А вот что пишет уже сам Достоевский в подготовительных материалах к роману «Бесы»: «Вся действительность не исчерпывается насущным, ибо огромною своею частию заключается в нем в виде еще подспудного, невысказанного будущего Слова. Изредка являются пророки, которые угадывают и высказывают это цельное Слово. Шекспир – это пророк, посланный Богом, чтобы возвестить нам тайну о человеке, душе человеческой» [11] . Отметим, кстати, что в финале картины на экране возникают слова сына неаполитанского короля Фердинанда из шекспировской «Бури»: «Откуда эта музыка? С небес? Или с земли? Теперь она умолкла».
11
Достоевский Ф. М. Полное собрание сочинений: В 30 т. Л., 1972–1990. Т. 11. С. 237.
Именно ответы на эти вопросы (а есть ли музыка? умеем ли мы ее слышать? откуда она? кто дирижер невидимого оркестра?) выстраивают те координаты, в которых проходит несколько дней жизни вполне реального почтальона Алексея Тряпицына из деревни Костицыно, что на Кенозере. Тем самым режиссер, который вообще в своем творчестве склонен к эпической форме (вспомним «Сибириаду», «Одиссею»), недвусмысленно намекает нам, что говорить он хочет не столько об умирающей или о неумирающей русской деревне, сколько о «тайне человека, о человеческой душе».
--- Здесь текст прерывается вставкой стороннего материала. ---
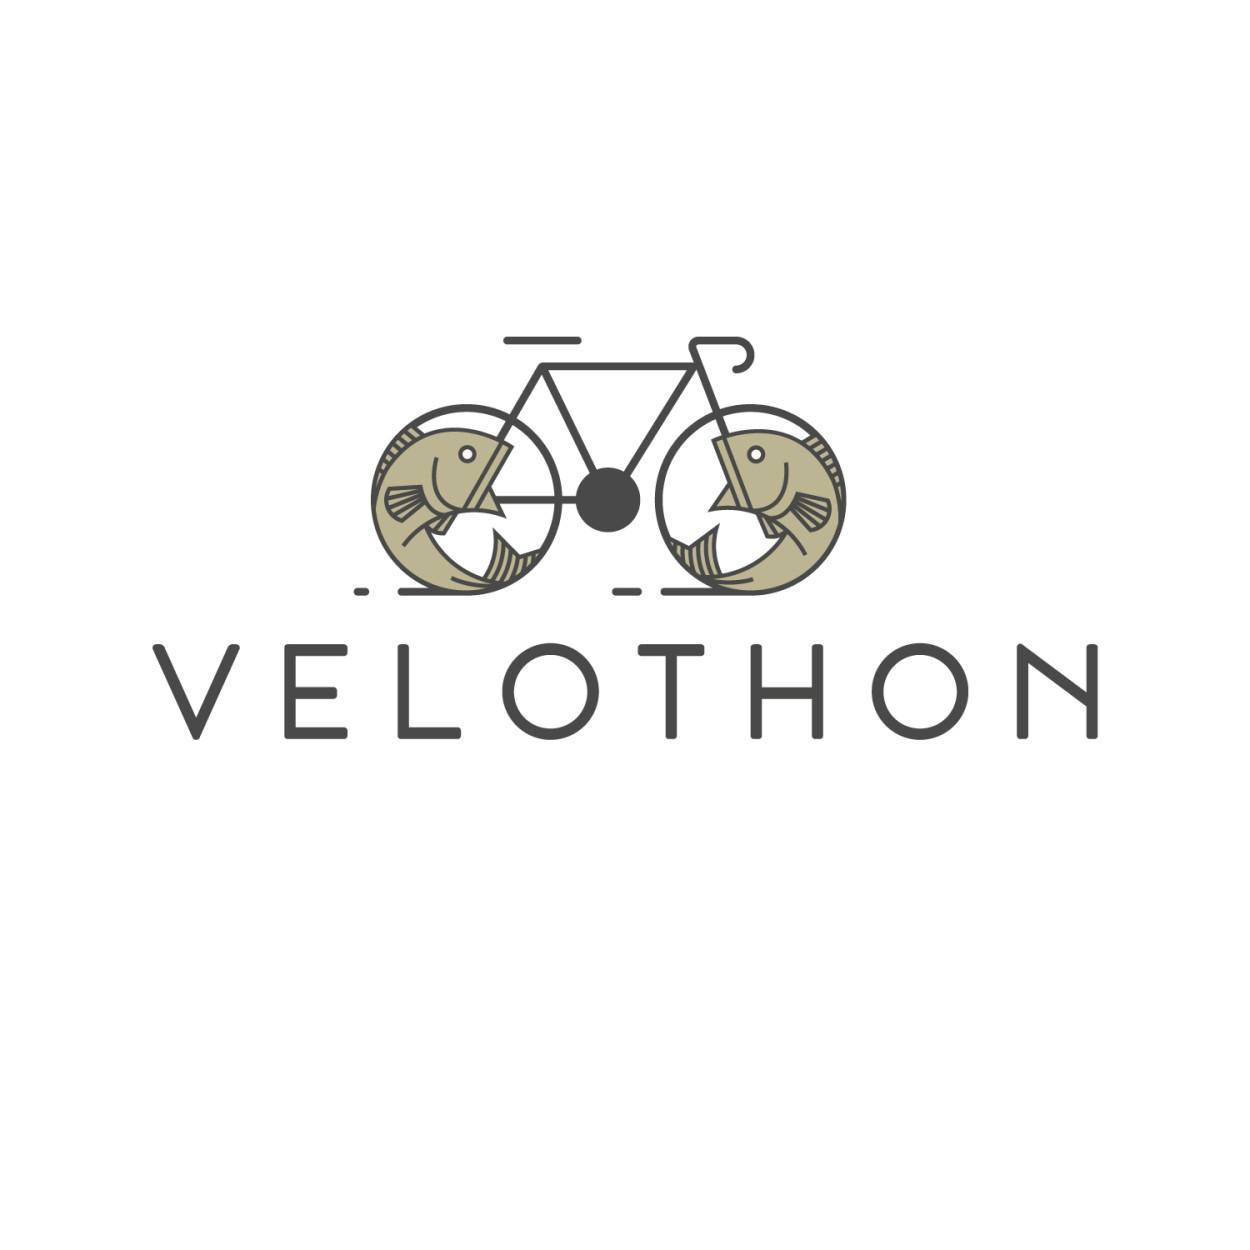 VELOTHON-LOGOTYPE-COULEUR.jpg

К этой тайне мы еще вернемся, но сначала несколько слов о том, что бросилось в глаза всем, что невозможно не заметить. Я говорю о сильном, причем совершенно без всякого педалирования, контрасте между красотой кенозерской природы и жизнью людей, оказавшихся в этом райском месте. И дело не только в покошенных заборах, убогих хатах, грязных клеенках, но в общем ощущении какой-то разрухи, неустроенности, потерянности. Не только строения, но и сами люди какие-то помятые, перекошенные, и это не работа художника-постановщика, не декорации. Такова реальность. Сам, что называется, видел. Почему? Почему у нас не так, как в соседней Финляндии, где точно такие же пейзажи, а вот люди живут иначе? Мы долго обсуждали этот вопрос, и я не думаю, что мы нашли ответы. Хотя говорили и о том, что русский человек на протяжении всей своей истории не имел собственности, будучи полурабом, как при царе, так и при советской власти. И как же выработается навык обустраивать свой мир, свой быт, если он фактически тебе не принадлежит? Говорили и о стихийном «буддизме» русской души, в том смысле, что зачем, мол, тратить силы и время на обустройство жилья, если все равно мы здесь на земле временно, как постояльцы в провинциальной гостинице? Не думаю, что и у Кончаловского есть ответы на эти вопросы, но то, что он их ищет, – очевидно.
Конец ознакомительного фрагмента.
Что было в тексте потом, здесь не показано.